- _WHAT YOU NEED TO DO_:
Please transcribe the listing that follows exactly; images are to be excluded.

- _DATA SECTION_:
┌────────
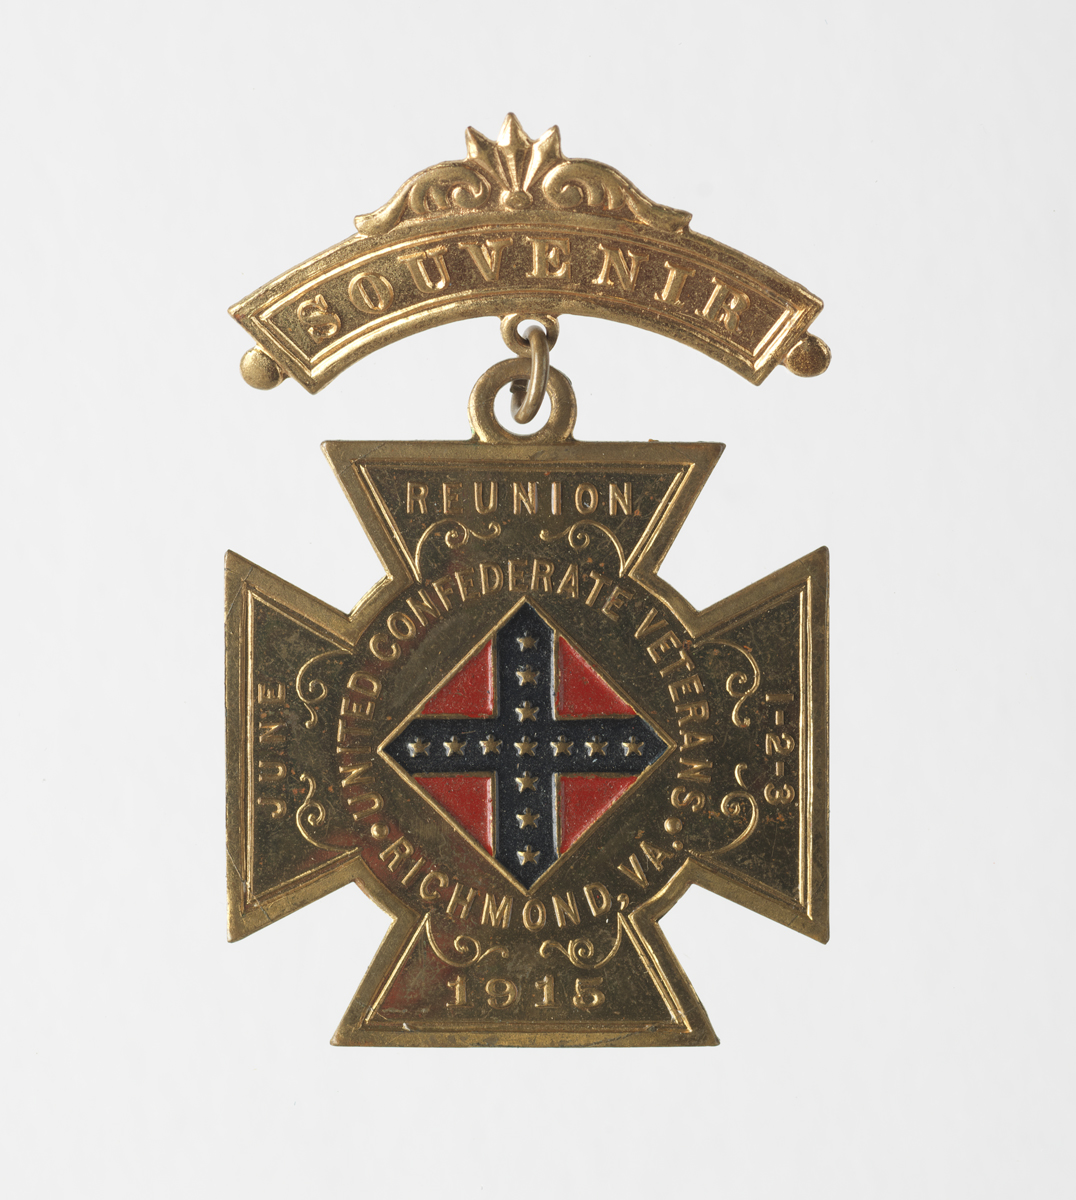 United Confederate Veteran reunion badge, 1906–1932, 1989.32.41
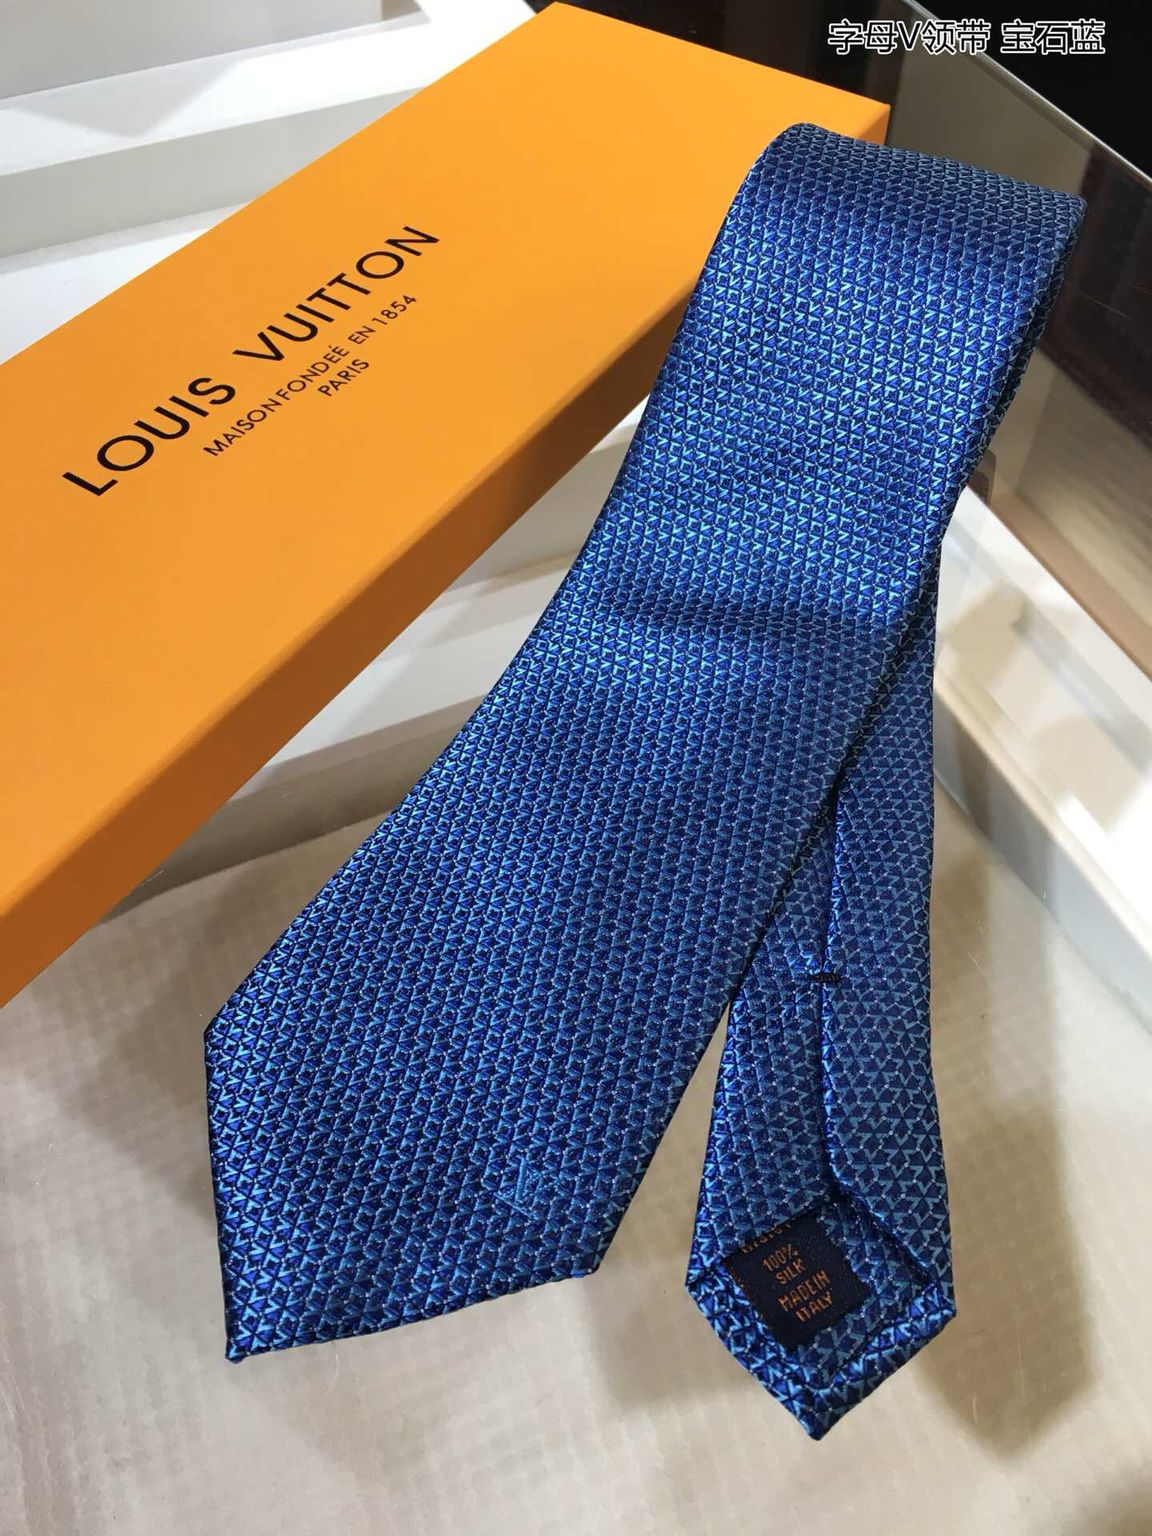 原版LV男款领带 LV领带 LV路易威登100%顶级提花真丝字母V领带 LV男款领带 
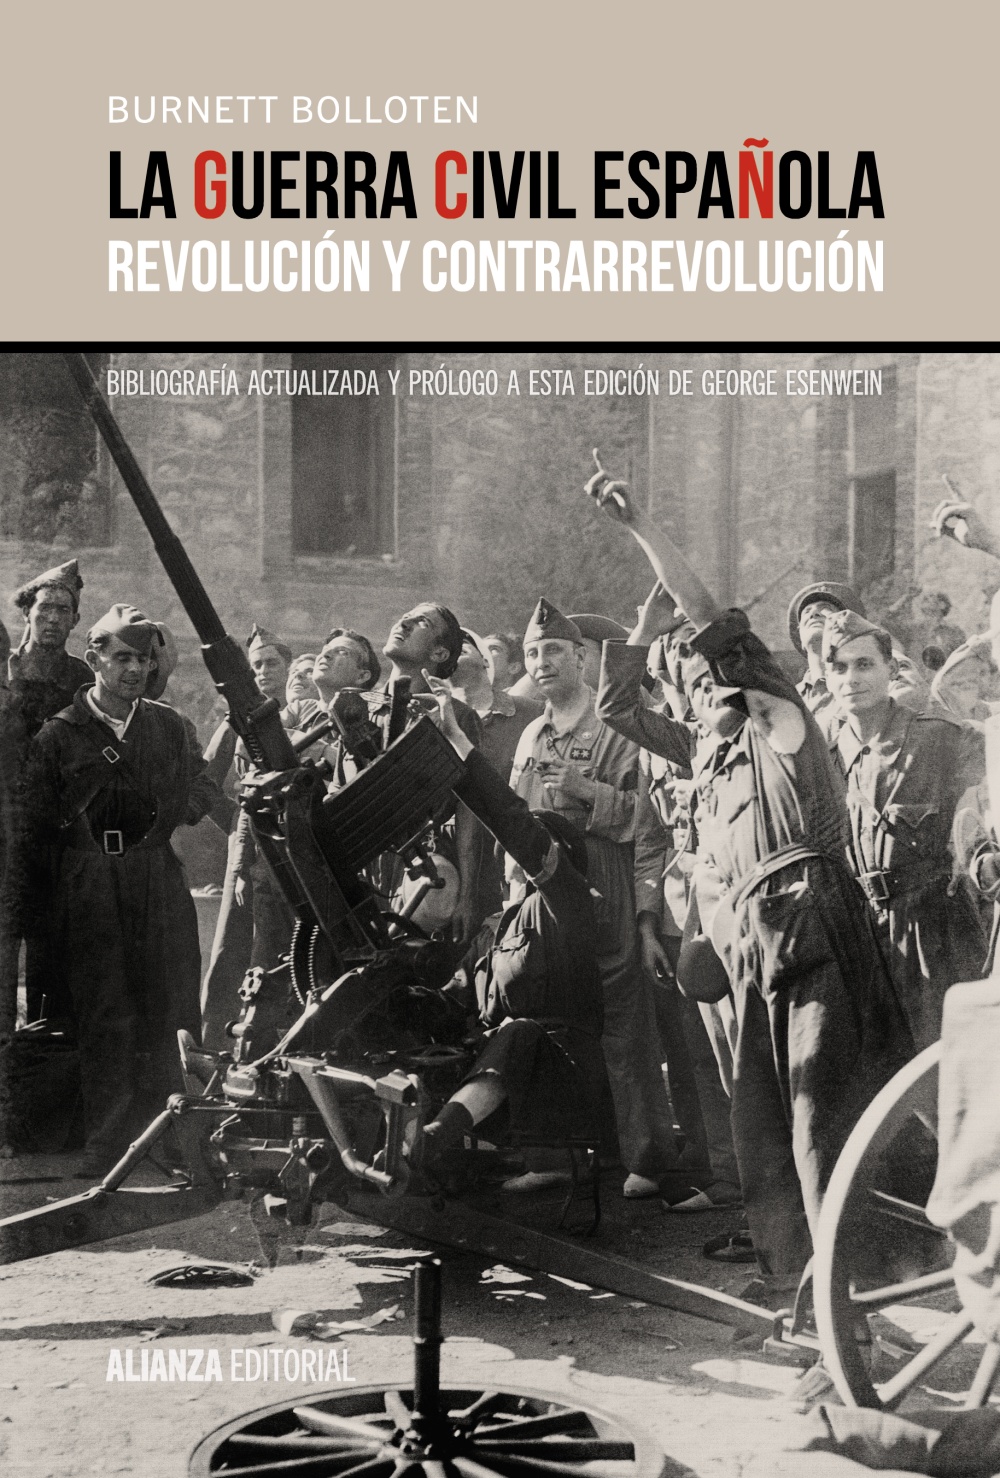 La guerra civil española - Alianza Editorial
└────────
- _YOUR RESPONSE_:
 United Confederate Veteran reunion badge, 1906–1932, 1989.32.41
 原版LV男款领带 LV领带 LV路易威登100%顶级提花真丝字母V领带 LV男款领带 
 La guerra civil española - Alianza Editorial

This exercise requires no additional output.